Issue: Governance and monitoring company stock
The committee overseeing the DC plan is tasked with managing the plan in the best interest of participants and beneficiaries by providing prudent investment options. Prior to 2014, plan fiduciaries could rely on the “Moench Presumption,” which held that offering company stock was in itself prudent. However, after the U.S. Supreme Court’s 2014 ruling in Fifth Third Bancorp v. Dudenhoeffer, plan sponsors must monitor company stock for prudence like any other investment option on the plan menu.
Potential action
- Hardwire company stock into the plan documents investment policy statement. Some plan sponsors have included language in the plan documents that explicitly states that company stock is offered. In light of the Dudenhoeffer ruling, a plan sponsor may consider stipulating how company stock will be reviewed for prudence on a regular basis.
- Remove insiders from the committee. Removing company insiders from investment committees helps to manage potential conflicts of interest and mitigate the use of material non-public information. Justices in the Dudenhoeffer case stated that absent any special circumstances, the market price of a stock is a prudent indicator of the firm’s value and that insider information should not be used to determine if company stock should be offered or not.

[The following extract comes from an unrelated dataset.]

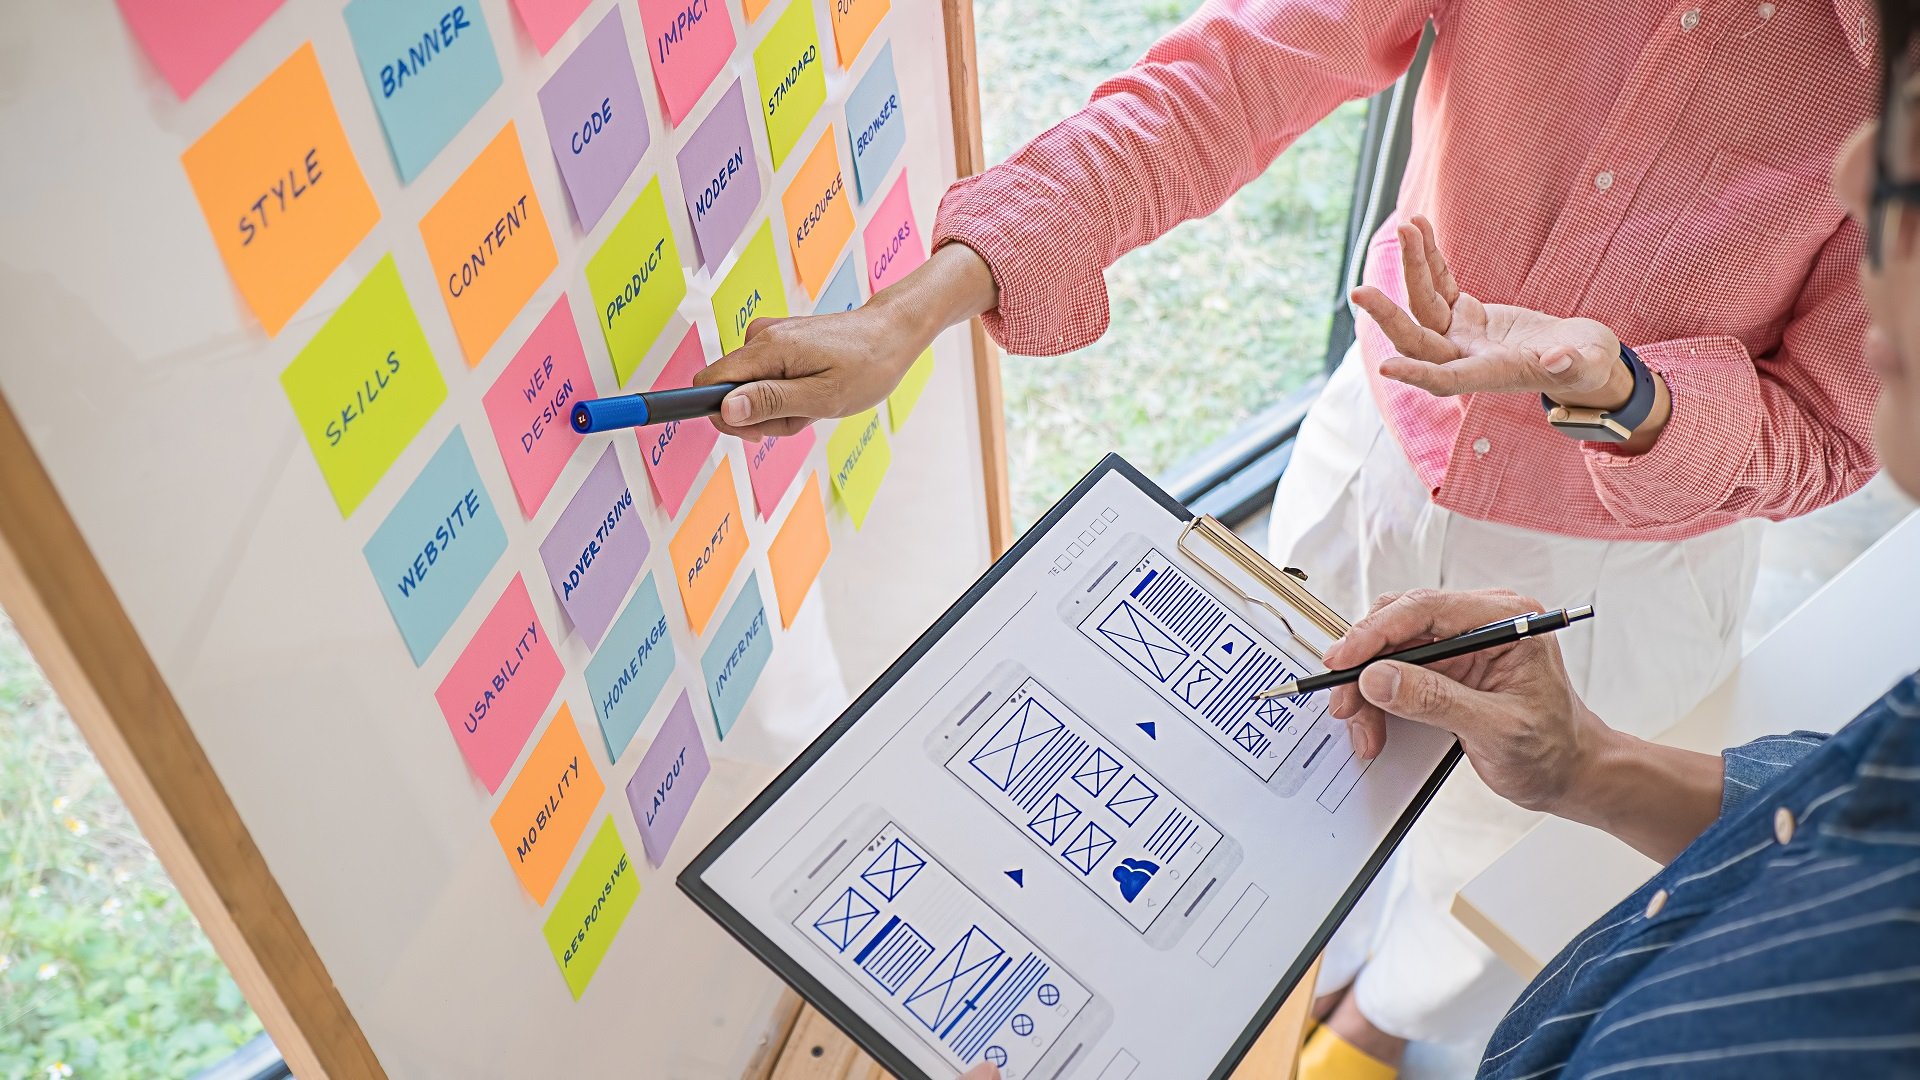 web-designer-brainstorming-for-strategy-plan-colorful-sticky-notes-with-things-to-do-on-office-board-user-experience-ux-concept

- Hire an independent fiduciary to oversee the company stock fund. An increasingly common practice to manage company stock is for plan sponsors to hire an independent fiduciary. One of the advantages of outsourcing decisions about company stock is that an independent fiduciary will not have access to material non-public information, thereby eliminating potential conflicts of interest.

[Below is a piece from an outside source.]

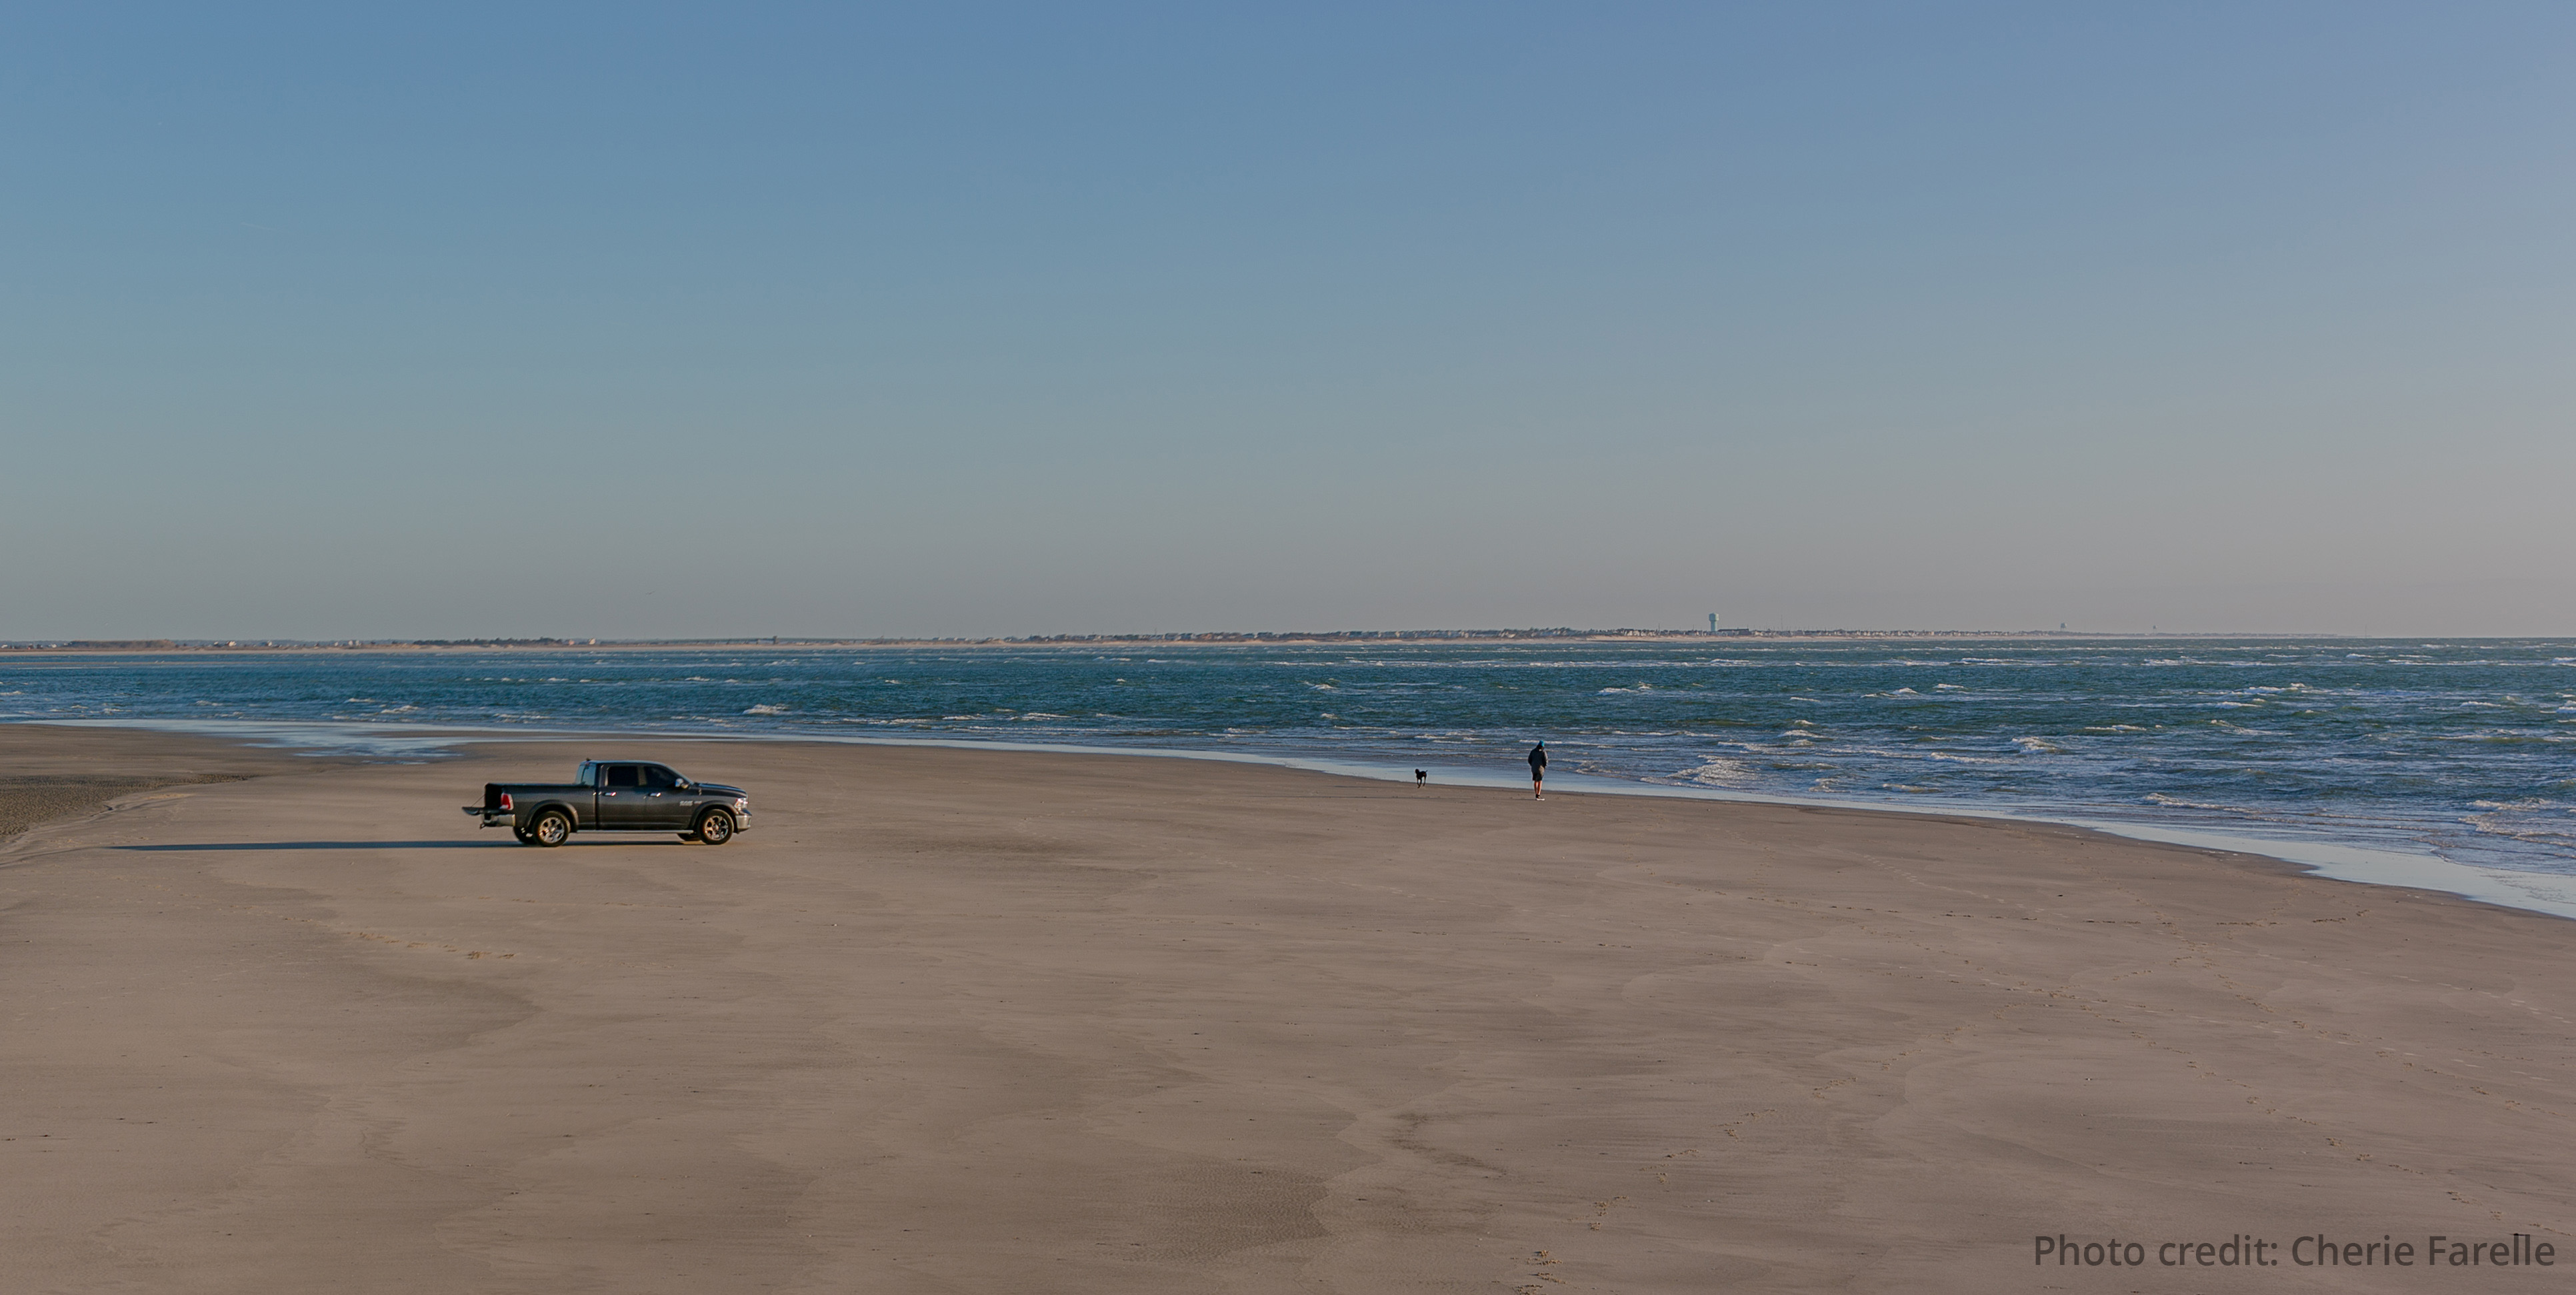 A truck sits parked on the beach as a person stands near the ocean waves.

Plan design can be an effective tool to manage company stock exposure and there are multiple variations of how holding limits or caps can be used and implemented. Consistency and clear objectives are critical for success.
Potential action
- Introduce caps on company stock allocations. The most frequently used cap today limits company stock allocations to 20% of a participant’s balance. Most plans grandfather higher allocations in while others require higher balances to be liquidated and reinvested. The sponsor needs to determine how to treat company stock exposures that exceed the cap due to performance. One option is to let those holdings ride while another option is to force participants to sell to remain within the cap. In all cases, company stock remains open on the menu and participants can continue to increase their company stock holdings up to the cap.
- Freeze the company stock option. Doing so allows participants to sell company stock but no longer purchase it—effectively capping their allocation at its current level. This step does not address excessively high allocations of current participants, but it eliminates such a problem for newly hired participants. Over time, company stock allocations will fade from the plan as participants retire and draw down their balances or change jobs and roll over assets to a new employer.
- Sunset company stock. If the fiduciary determines that company stock no longer fits into the plan design, a thoughtful liquidation strategy, with ample participant notification and communication, is critical.